◆ Work item
All pictures are to be excluded when the data below is output verbatim.

◆ Source material
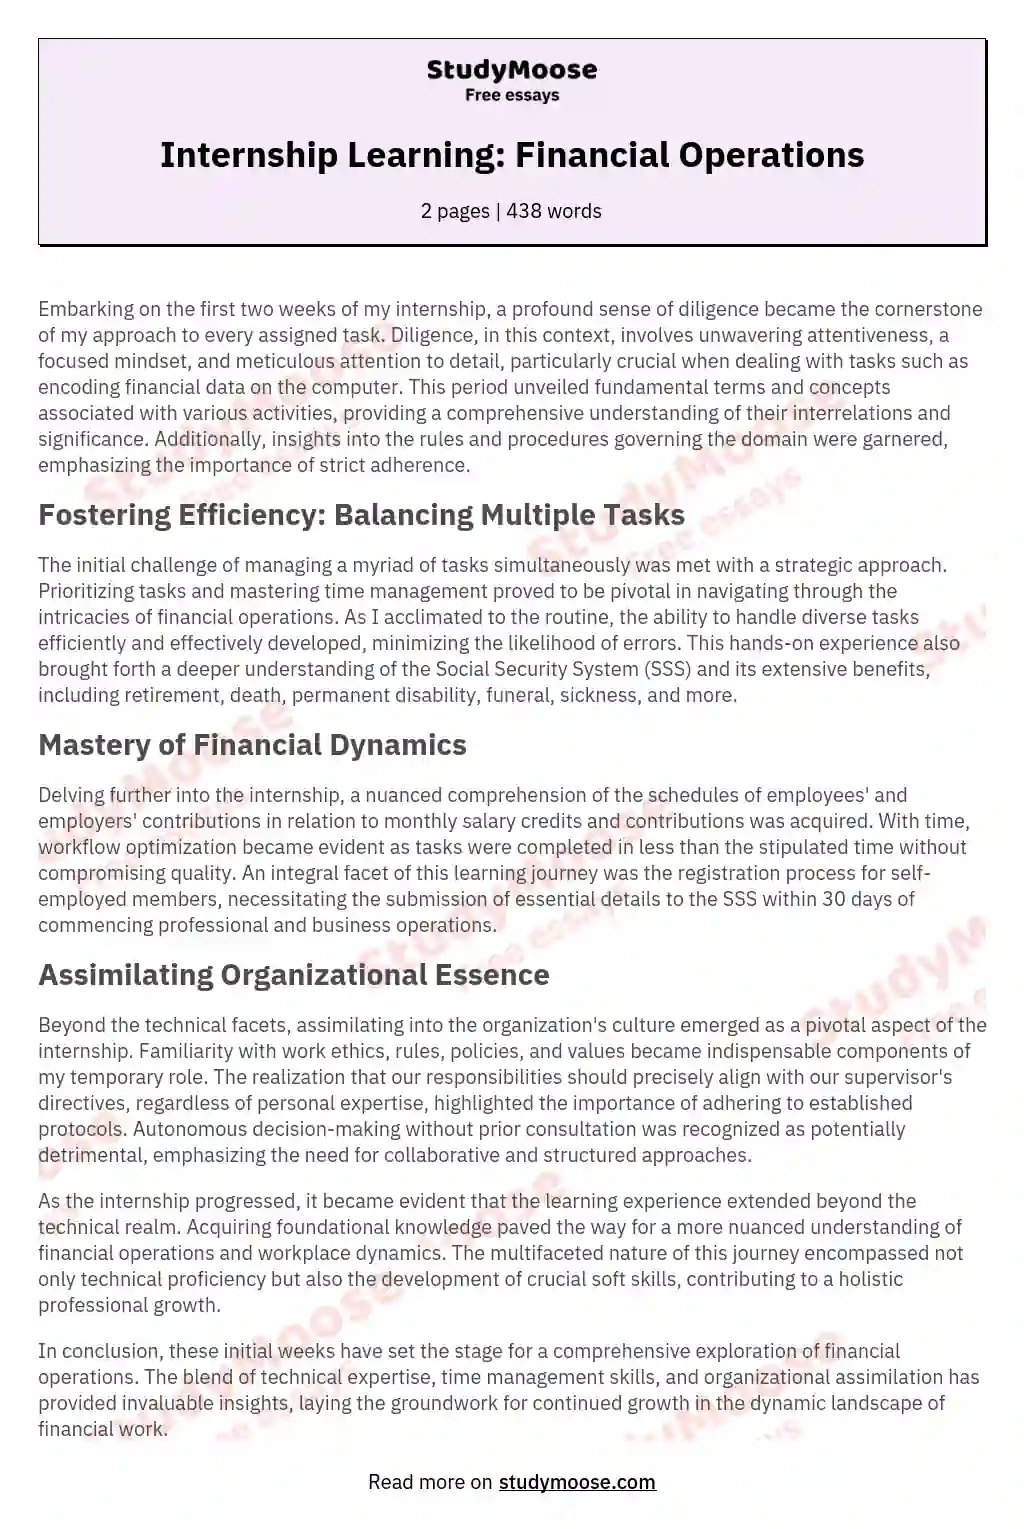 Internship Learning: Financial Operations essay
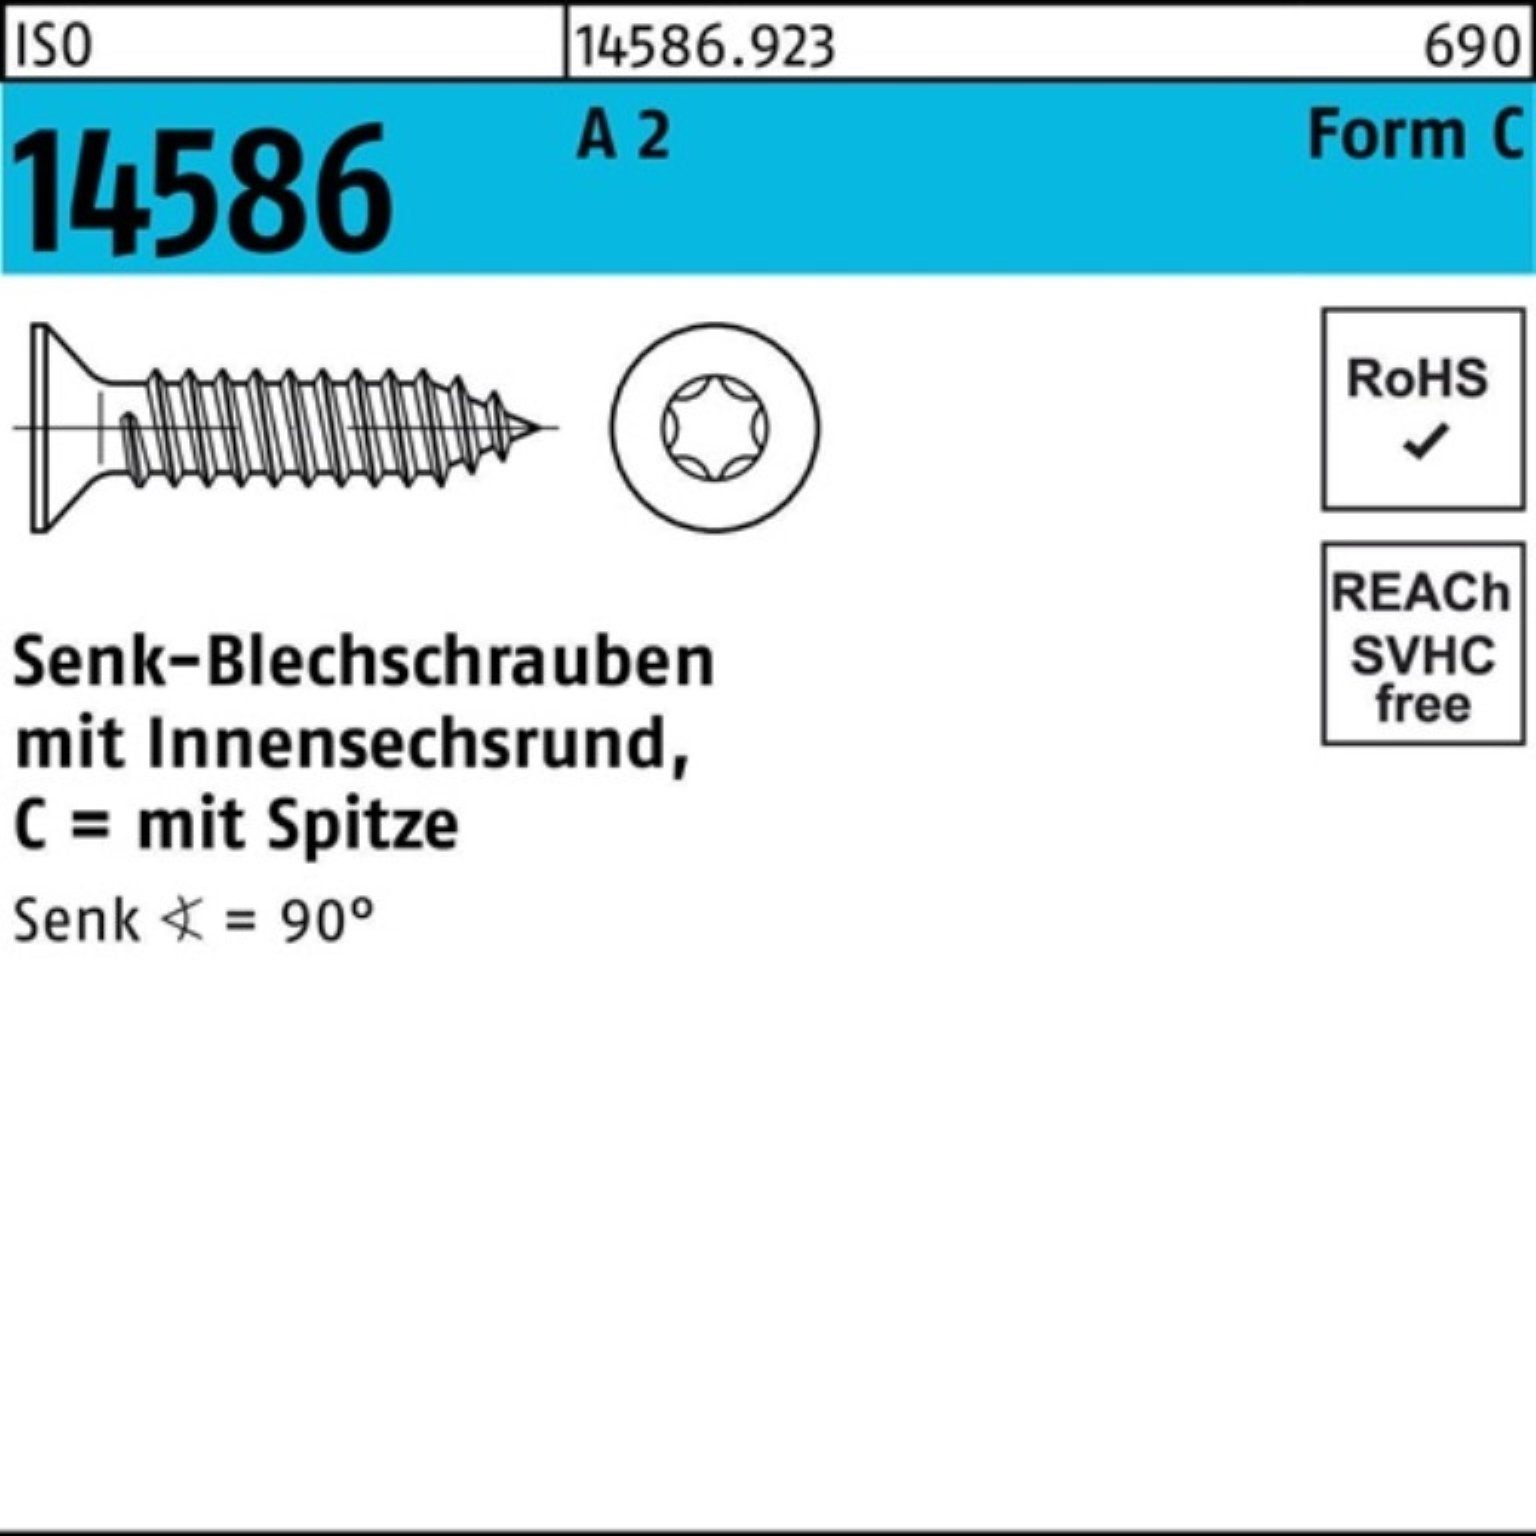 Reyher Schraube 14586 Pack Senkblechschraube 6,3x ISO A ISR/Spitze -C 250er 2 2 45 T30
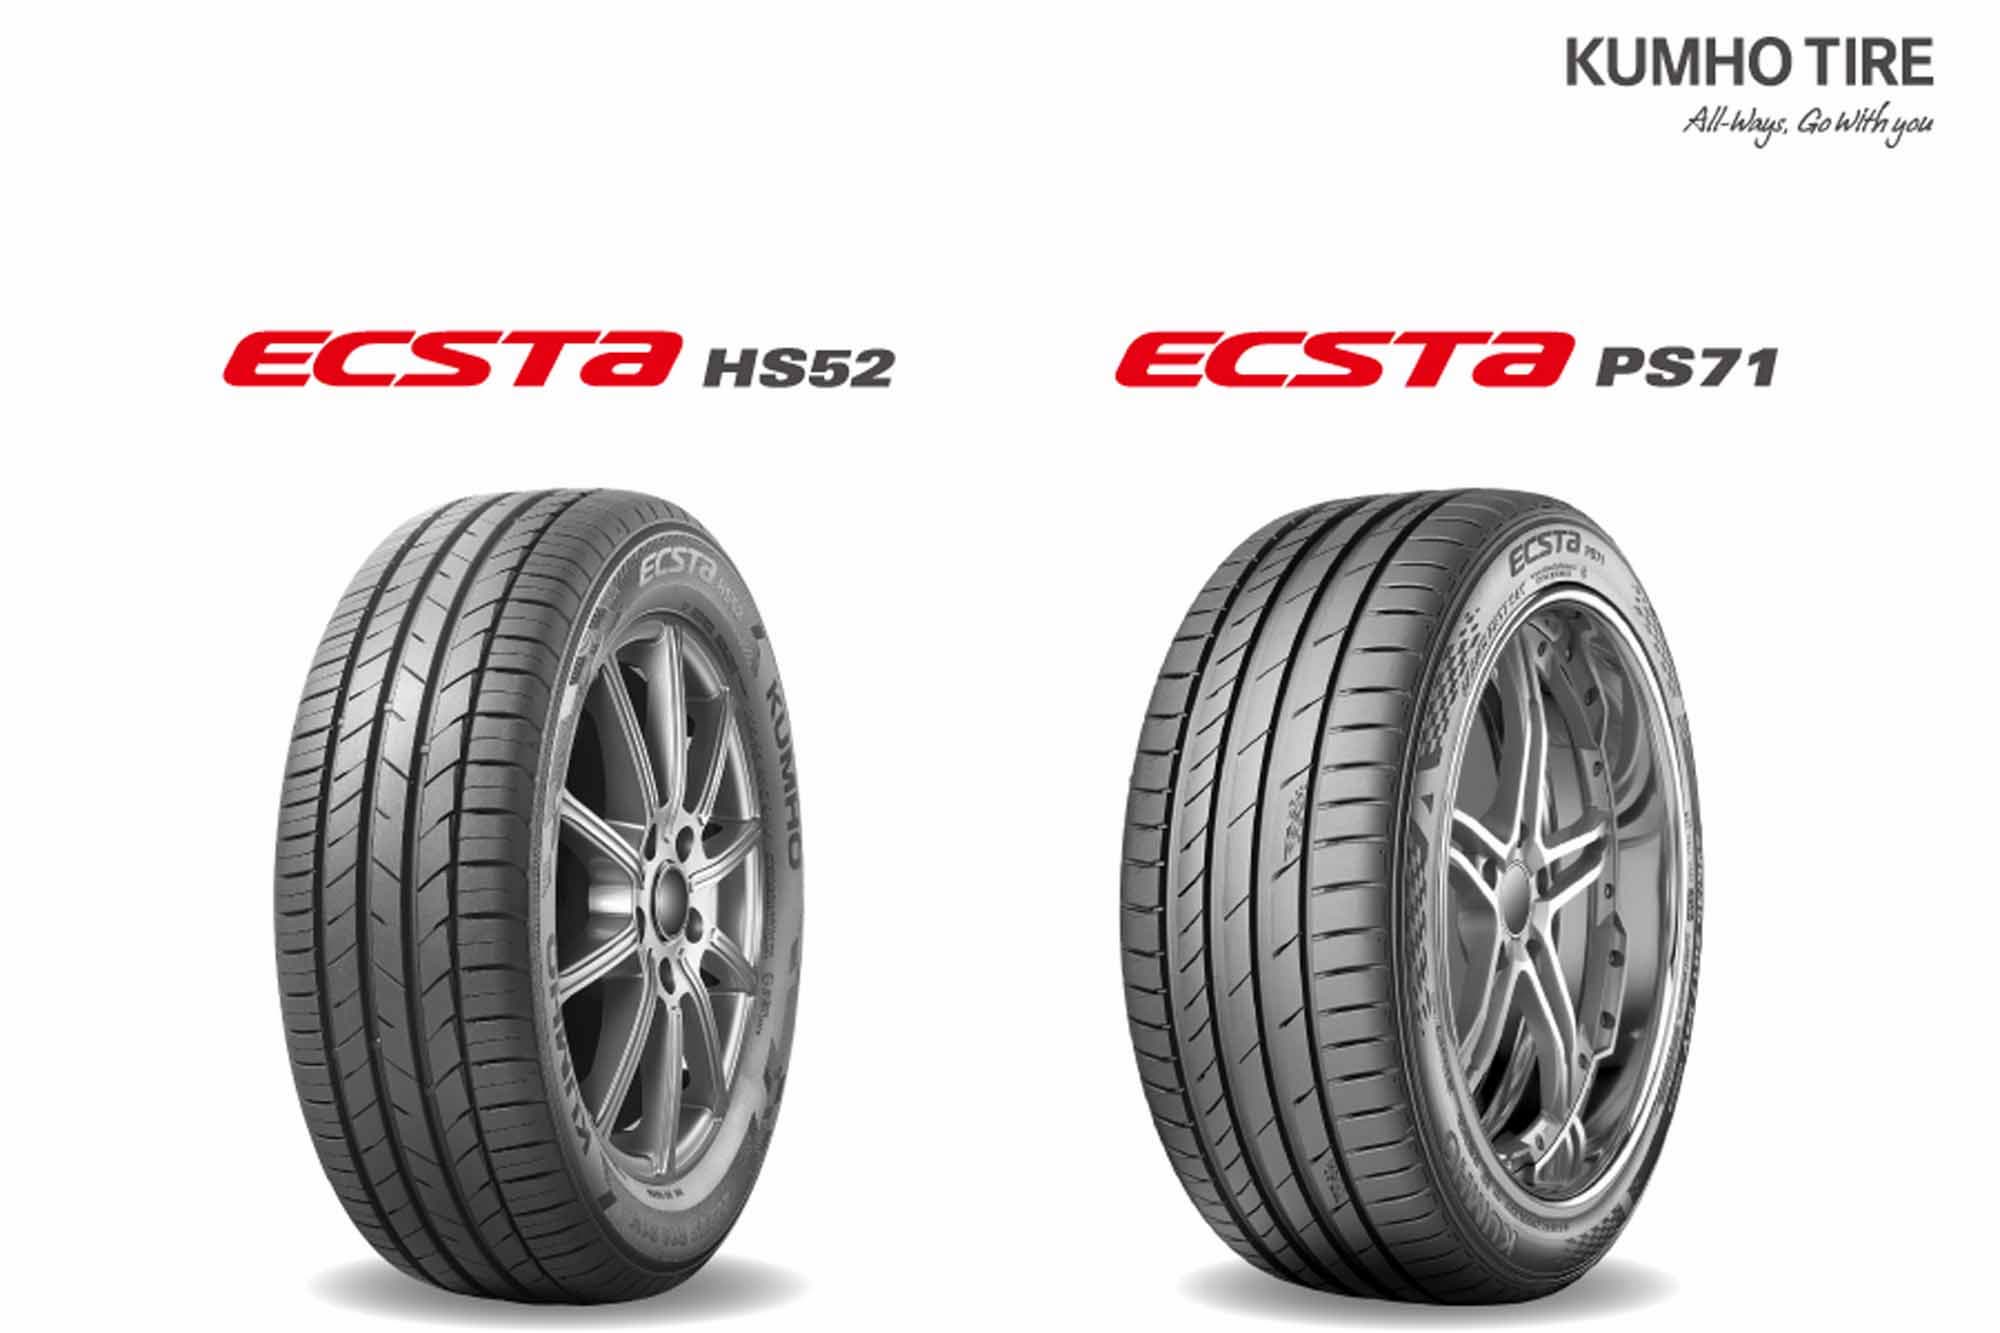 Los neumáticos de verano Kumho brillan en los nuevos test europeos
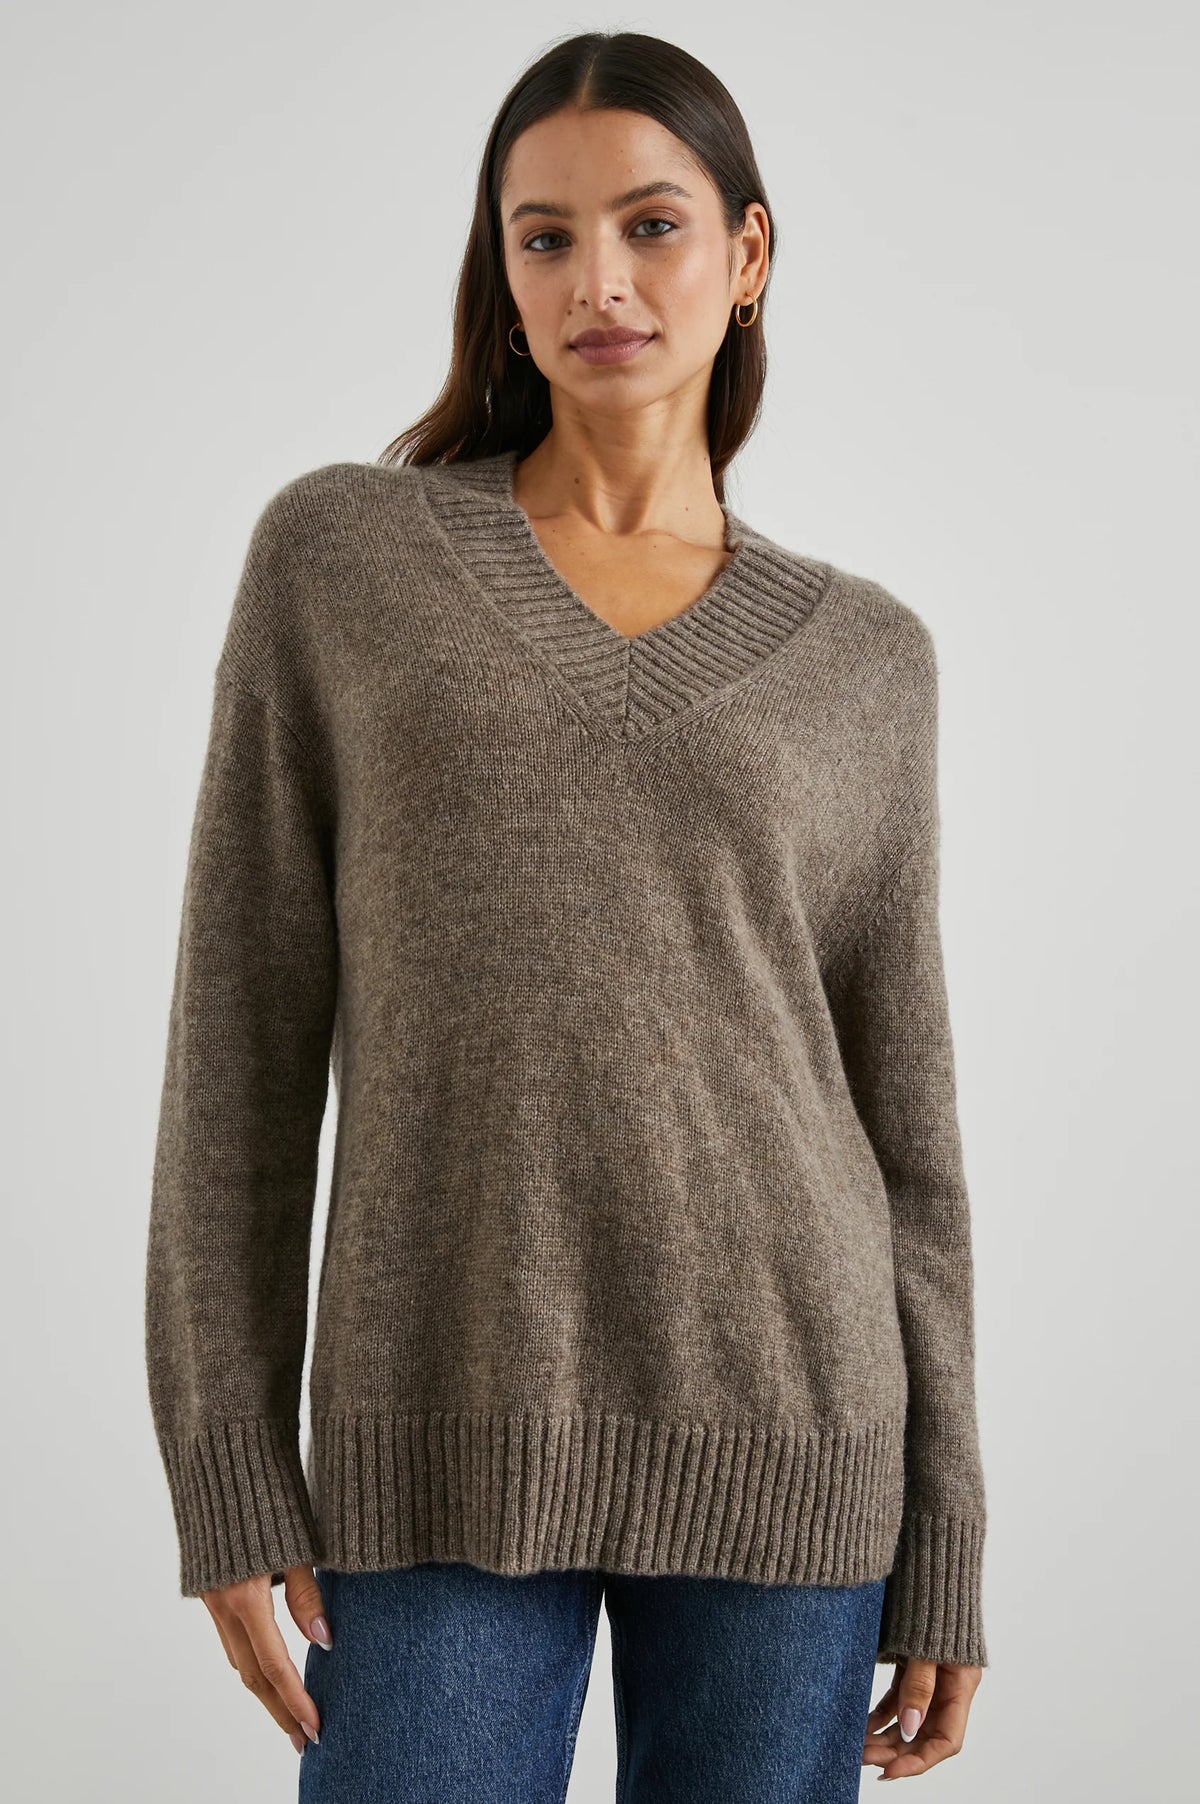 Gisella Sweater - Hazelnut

◆ Answer for this exercise
 Internship Learning: Financial Operations essay
 Reyher Schraube 14586 Pack Senkblechschraube 6,3x ISO A ISR/Spitze -C 250er 2 2 45 T30
 Los neumáticos de verano Kumho brillan en los nuevos test europeos
 Gisella Sweater - Hazelnut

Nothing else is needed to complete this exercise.